In un primo momento, la stampa aveva anticipato che il ministero dell’Interno avrebbe introdotto multe non solo per chi acquista qualsiasi merce da un ambulante, ma anche per chi paga in cambio di un massaggio o di un tatuaggio.

In realtà, le multe per chi acquista merce esistono già, ma si riferiscono alla merce contraffatta.

La legge 23 luglio 2009, n. 99 sancisce infatti che “è punito con la sanzione amministrativa pecuniaria da 100 euro fino a 7.000 euro l’acquirente finale che acquista a qualsiasi titolo cose che, per la loro qualità o per la condizione di chi le offre o per l’entità del prezzo, inducano a ritenere che siano state violate le norme in materia di origine e provenienza dei prodotti ed in materia di proprietà industriale”.

La merce contraffatta in questione comprende sia capi d’abbigliamento che richiamino marchi noti, sia cd o dvd, film, software, occhiali o orologi.

Se invece la merce è stata rubata e l’acquirente lo sa, l’acquisto concretizza un reato previsto dall’art. 648 del codice penale, la ricettazione, punita con “la reclusione da due ad otto anni e con la multa da 516 euro a 10.329 euro“.

Cosa rischia invece chi realizza merce contraffatta?
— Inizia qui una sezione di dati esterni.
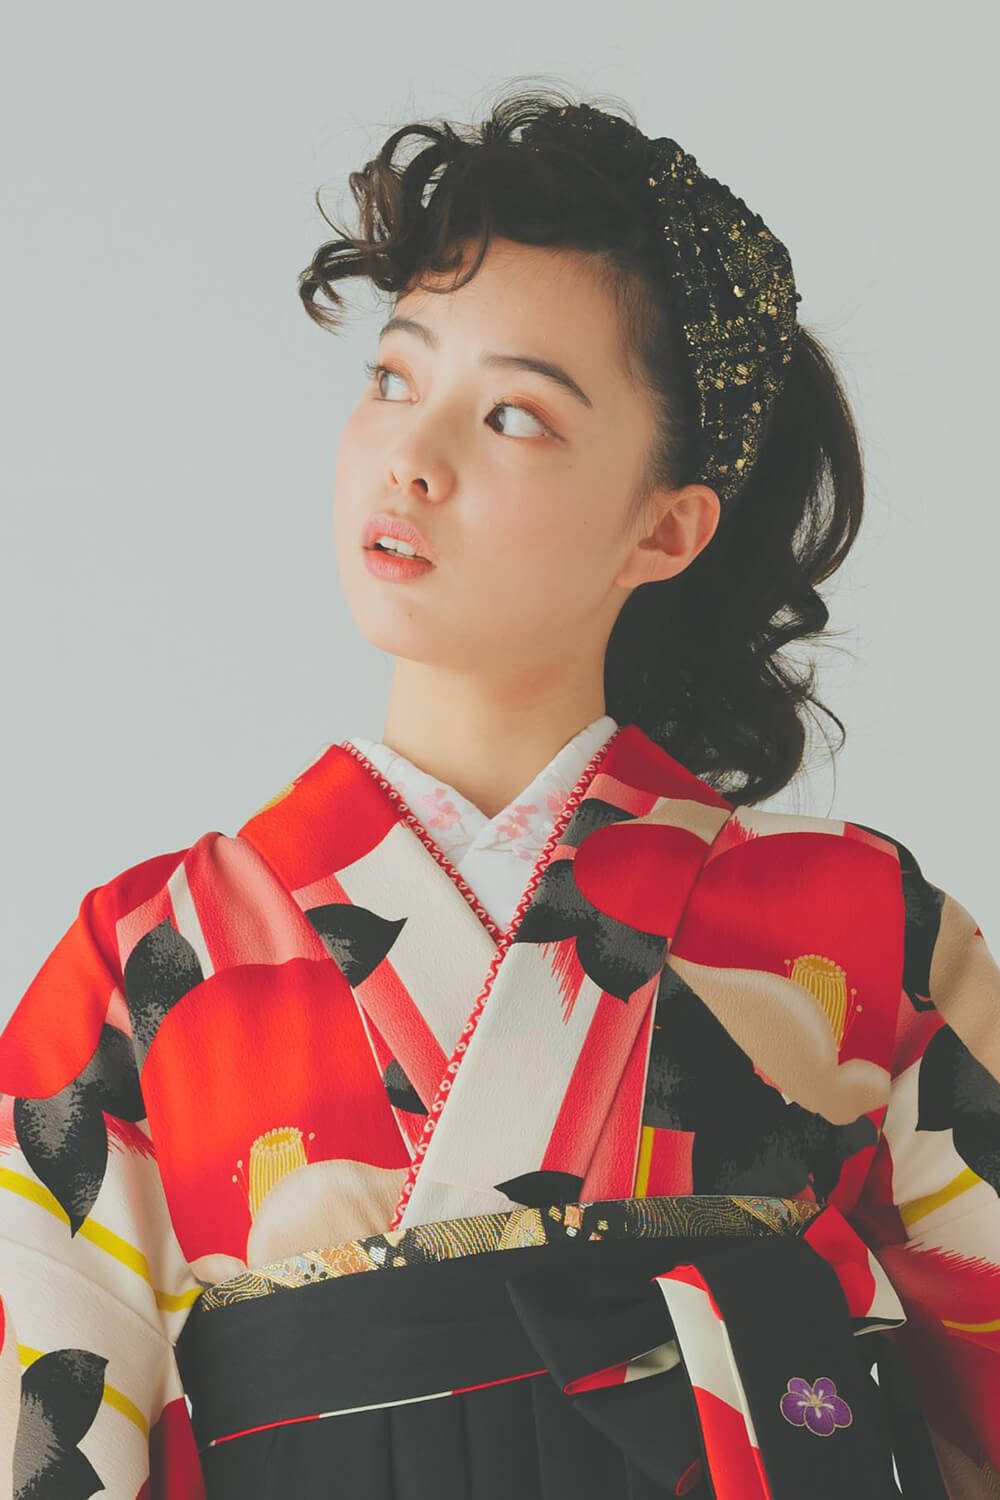 レトロな椿柄のレンタル袴に似合うヘアスタイル

La risposta è nell’articolo 473 del codice penale, che recita:

“Chiunque, potendo conoscere dell’esistenza del titolo di proprietà industriale, contraffà o altera marchi o segni distintivi, nazionali o esteri, di prodotti industriali, ovvero chiunque, senza essere concorso nella contraffazione o alterazione, fa uso di tali marchi o segni contraffatti o alterati, è punito con la reclusione da sei mesi a tre anni e con la multa da euro 2.500 a euro 25.000“.

“Soggiace alla pena della reclusione da uno a quattro anni e della multa da euro 3.500 a euro 35.000 chiunque contraffà o altera brevetti, disegni o modelli industriali, nazionali o esteri, ovvero, senza essere concorso nella contraffazione o alterazione, fa uso di tali brevetti, disegni o modelli contraffatti o alterati”.
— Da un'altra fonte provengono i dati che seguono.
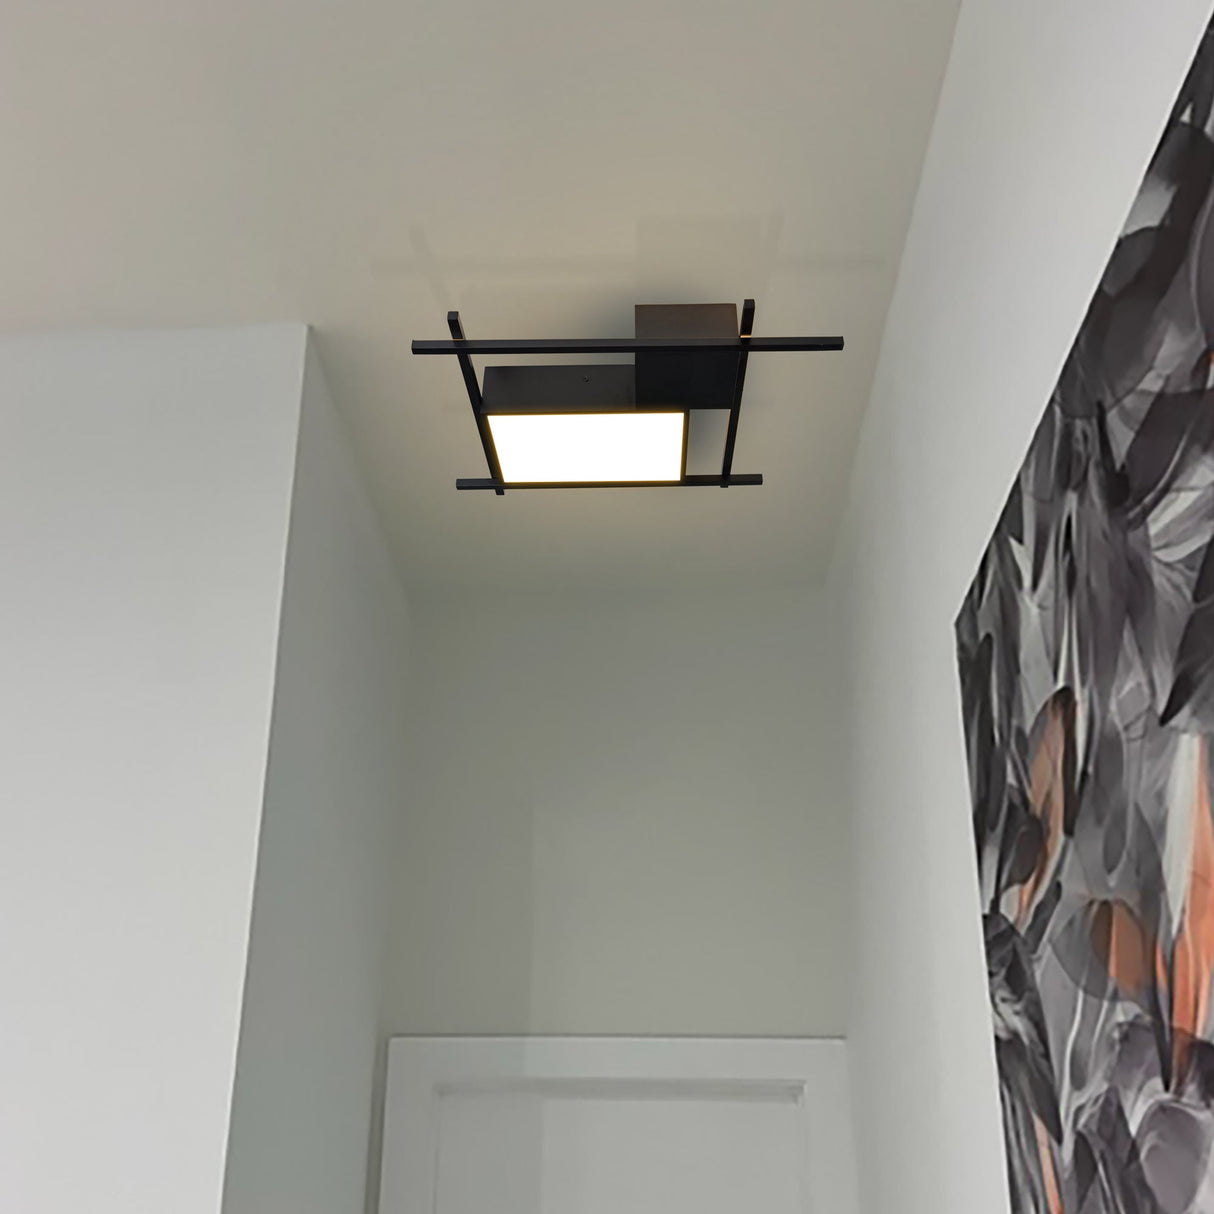 VONN Radium VRCF49304BL 19" Integrated LED ETL Certified Ceiling Lighting Rectangular Semi Flush in Black

Lo scorso il 13 giugno la Confesercenti, l’associazione dei commercianti, ha denunciato un giro di affari di 22 miliardi di euro nell’abusivismo dei settori del commercio e del turismo, in un appuntamento a cui aveva partecipato Salvini.

“Le vendite abusive e di materiale contraffatto rubano il 14 per cento del fatturato delle imprese regolari di turismo e commercio”, fa sapere l’associazione. “E danneggiano pesantemente anche lo Stato, causando un danno erariale di 11,5 miliardi di euro in mancato gettito fiscale e contributivo. Se le attività abusive fossero azzerate, l’erario recupererebbe abbastanza entrate per finanziare un cospicuo taglio dell’Irpef. Ci guadagnerebbe anche l’occupazione: la regolarizzazione farebbe emergere 32 mila posti di lavoro aggiuntivi”.